Input data ▸
↓↓↓
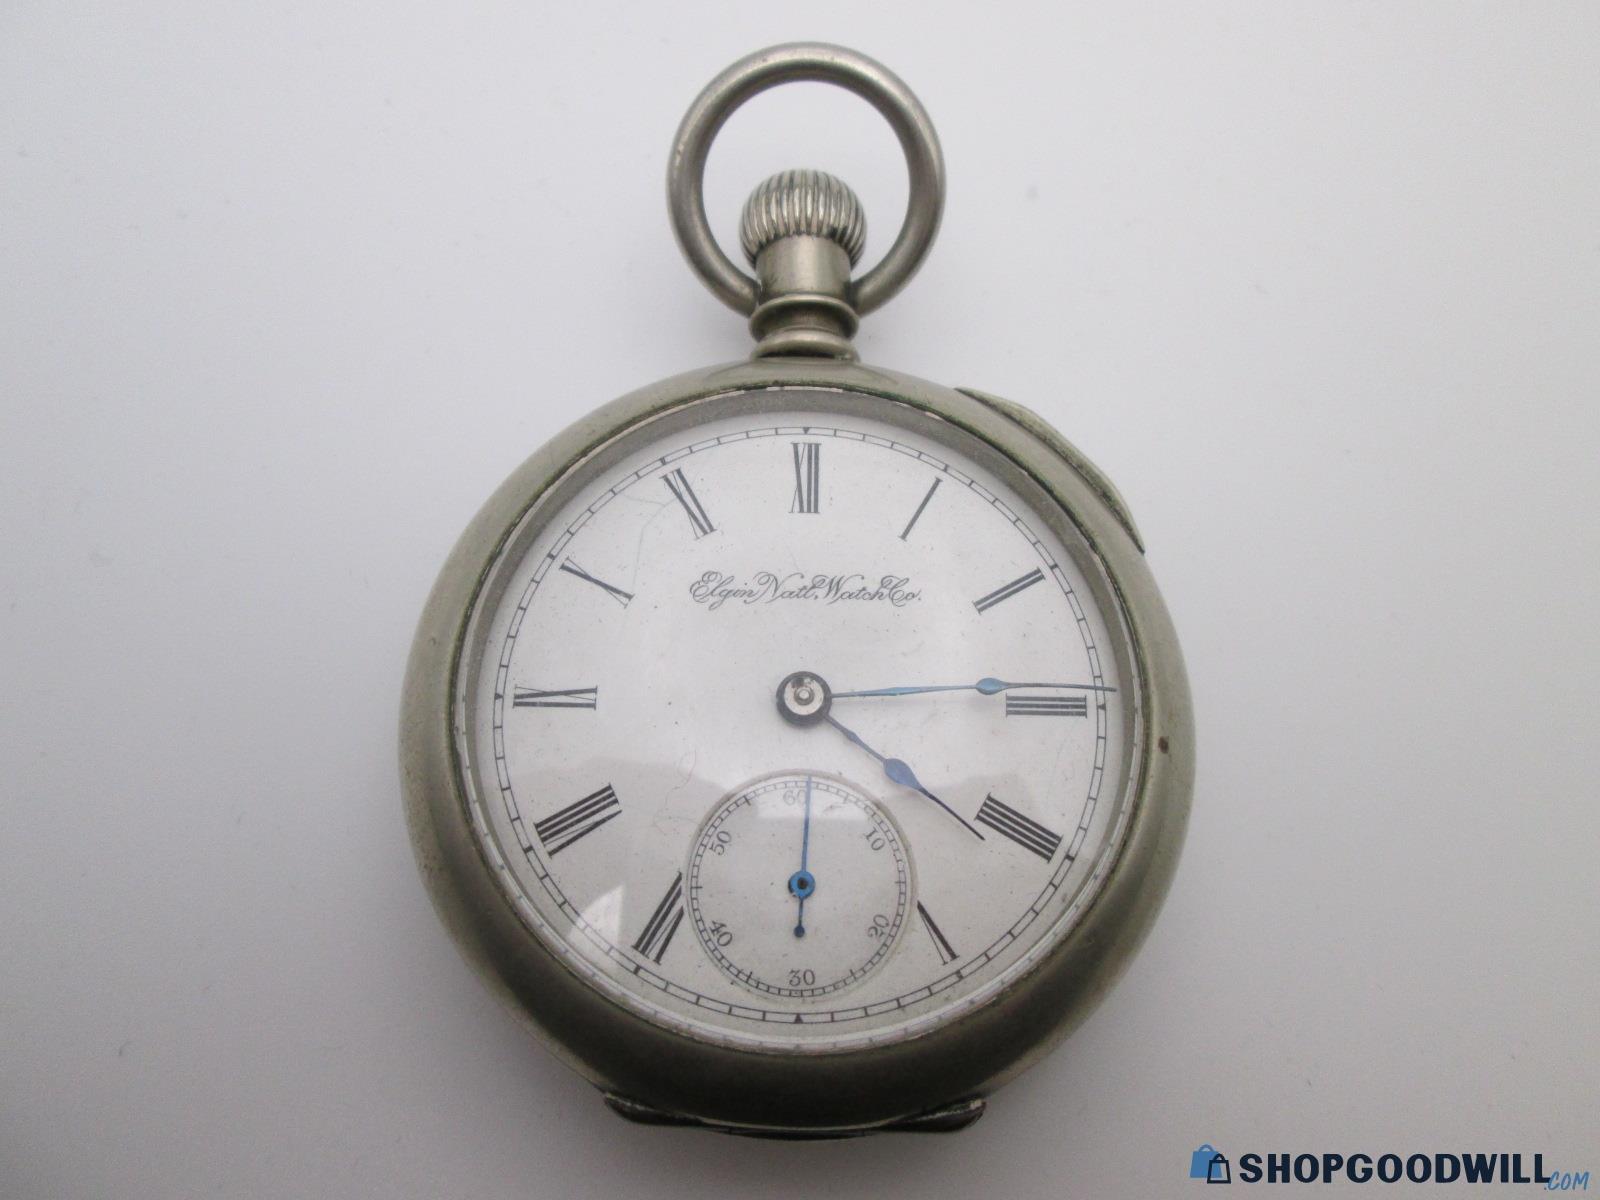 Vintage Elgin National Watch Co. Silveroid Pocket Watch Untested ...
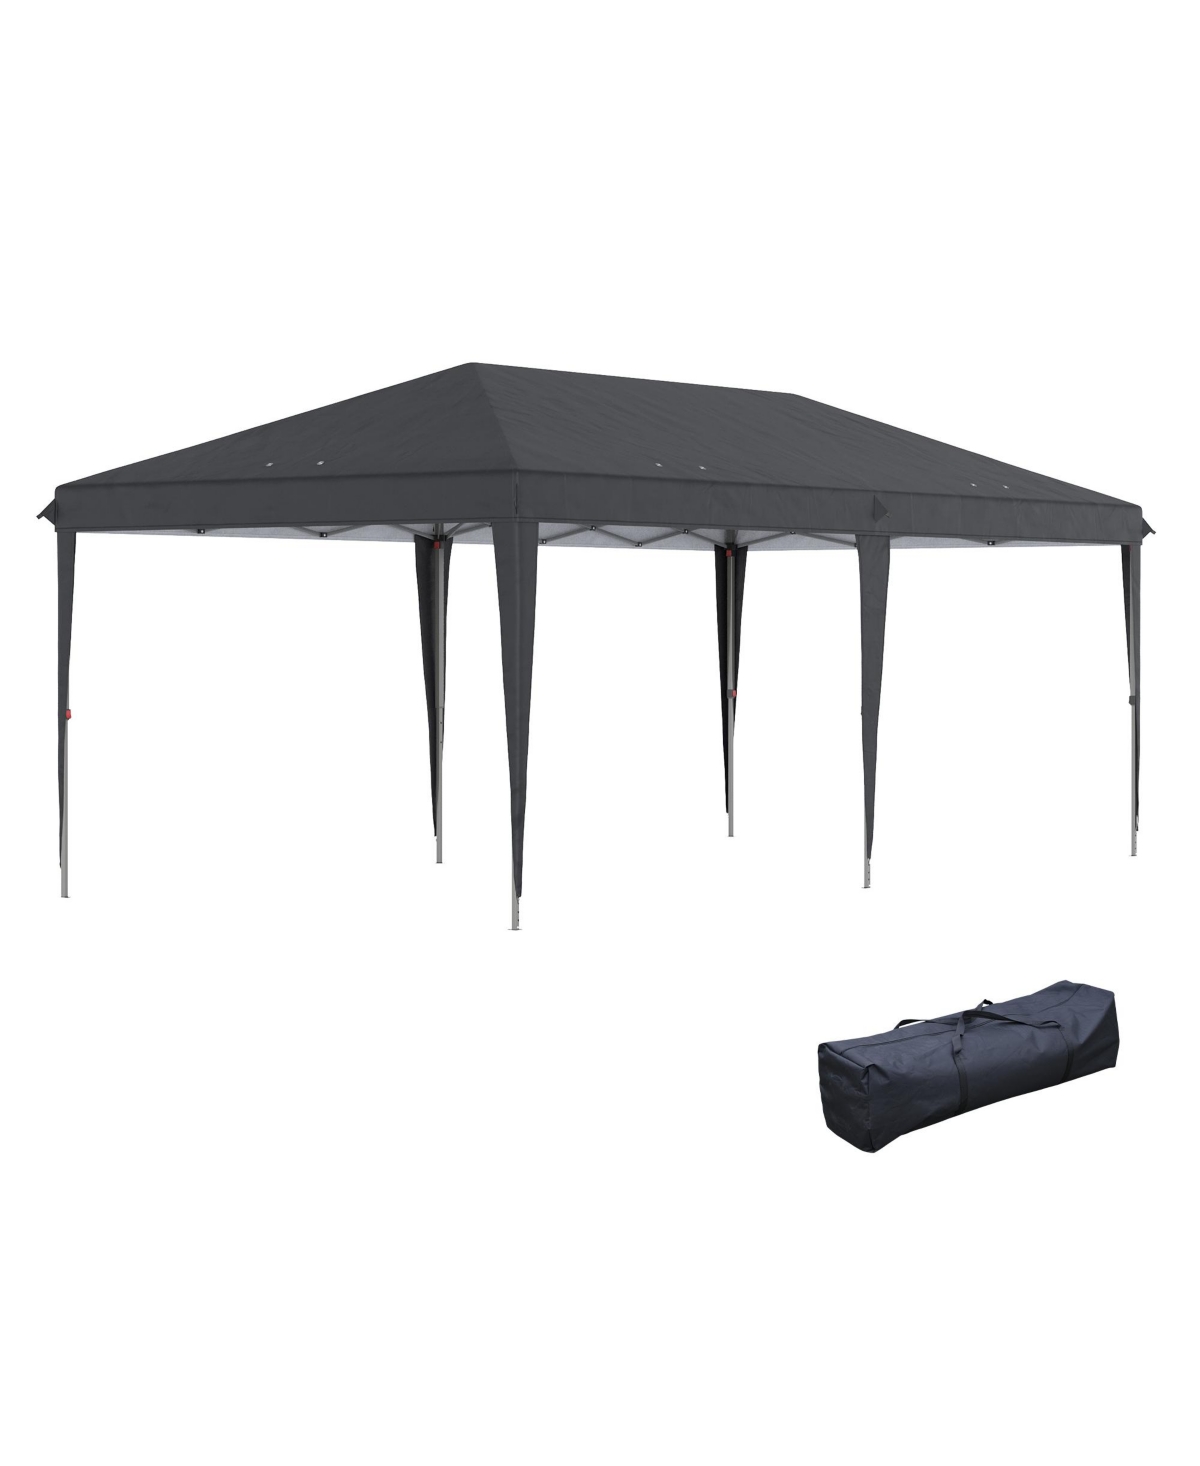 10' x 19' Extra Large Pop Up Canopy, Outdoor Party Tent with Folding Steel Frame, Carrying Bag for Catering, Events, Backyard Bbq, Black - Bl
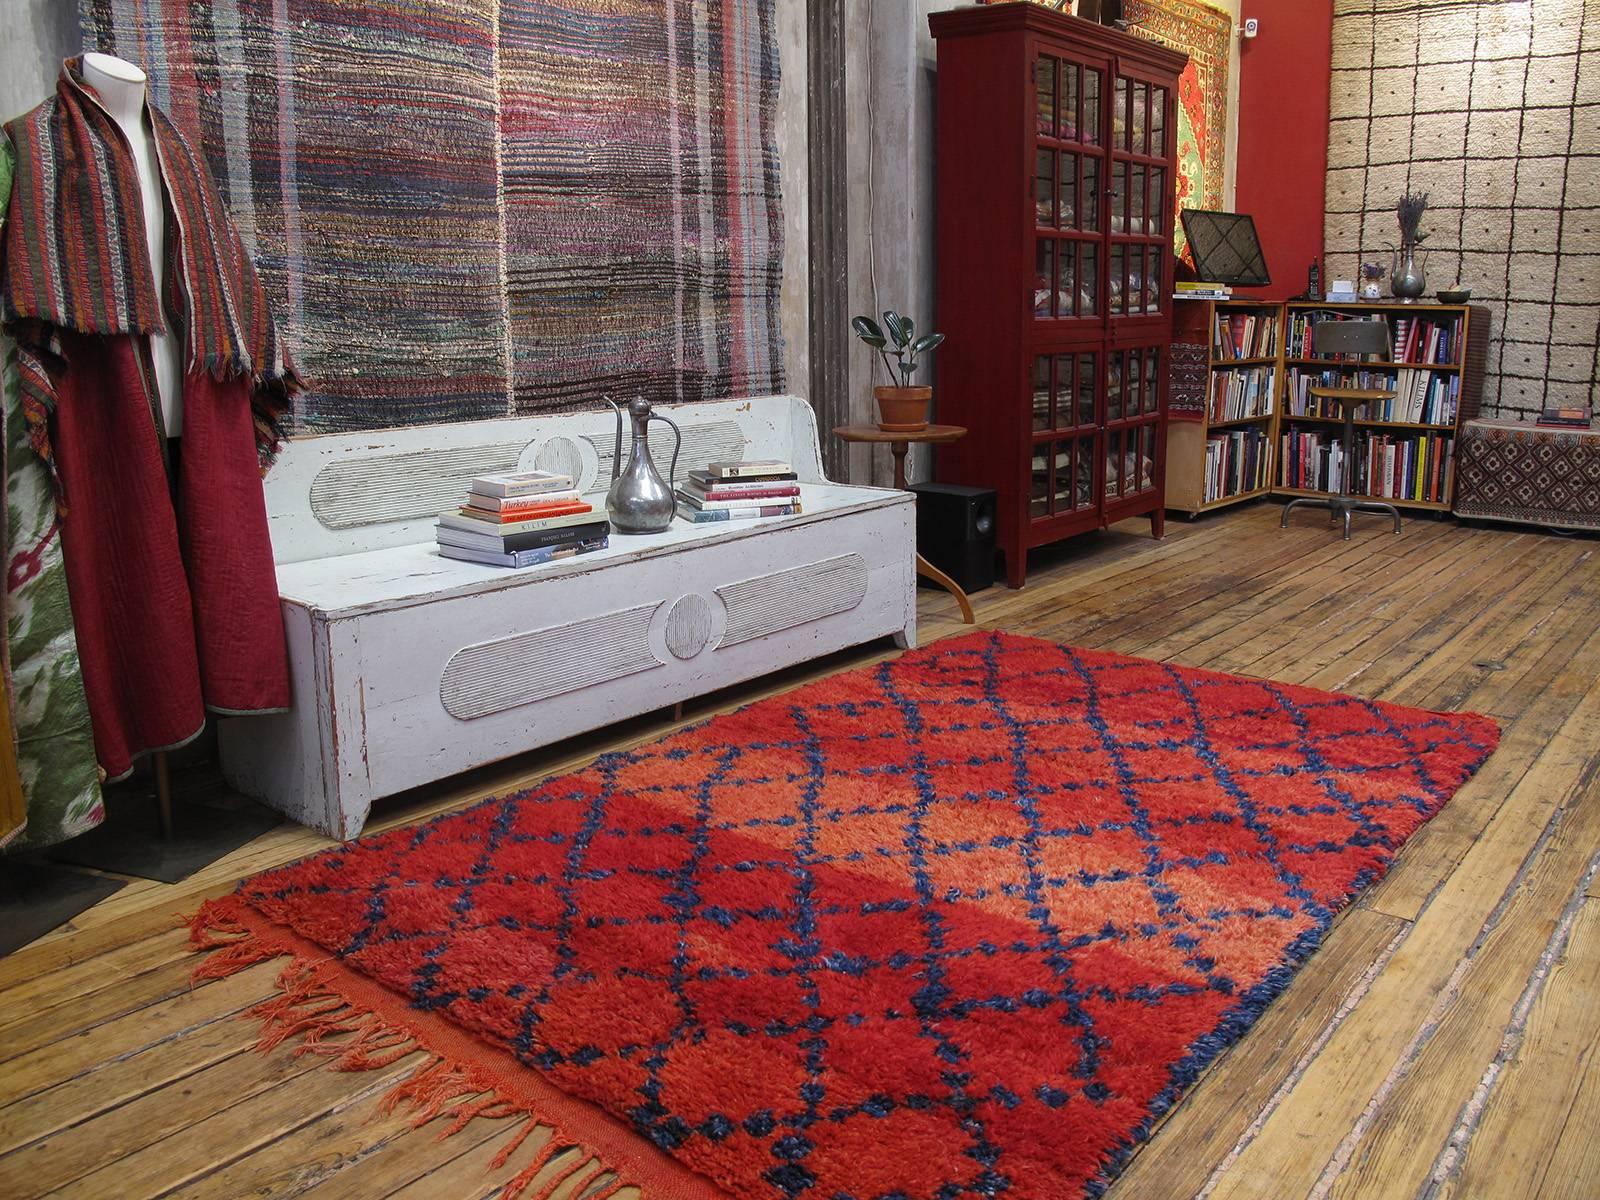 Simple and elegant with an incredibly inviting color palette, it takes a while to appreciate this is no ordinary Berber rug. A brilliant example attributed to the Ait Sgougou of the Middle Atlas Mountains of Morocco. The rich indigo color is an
↑↑↑
Task description ▸ Reprint all the data above verbatim, excluding pictures.

Task output ▸
 Vintage Elgin National Watch Co. Silveroid Pocket Watch Untested ...
 10' x 19' Extra Large Pop Up Canopy, Outdoor Party Tent with Folding Steel Frame, Carrying Bag for Catering, Events, Backyard Bbq, Black - Bl
 Simple and elegant with an incredibly inviting color palette, it takes a while to appreciate this is no ordinary Berber rug. A brilliant example attributed to the Ait Sgougou of the Middle Atlas Mountains of Morocco. The rich indigo color is an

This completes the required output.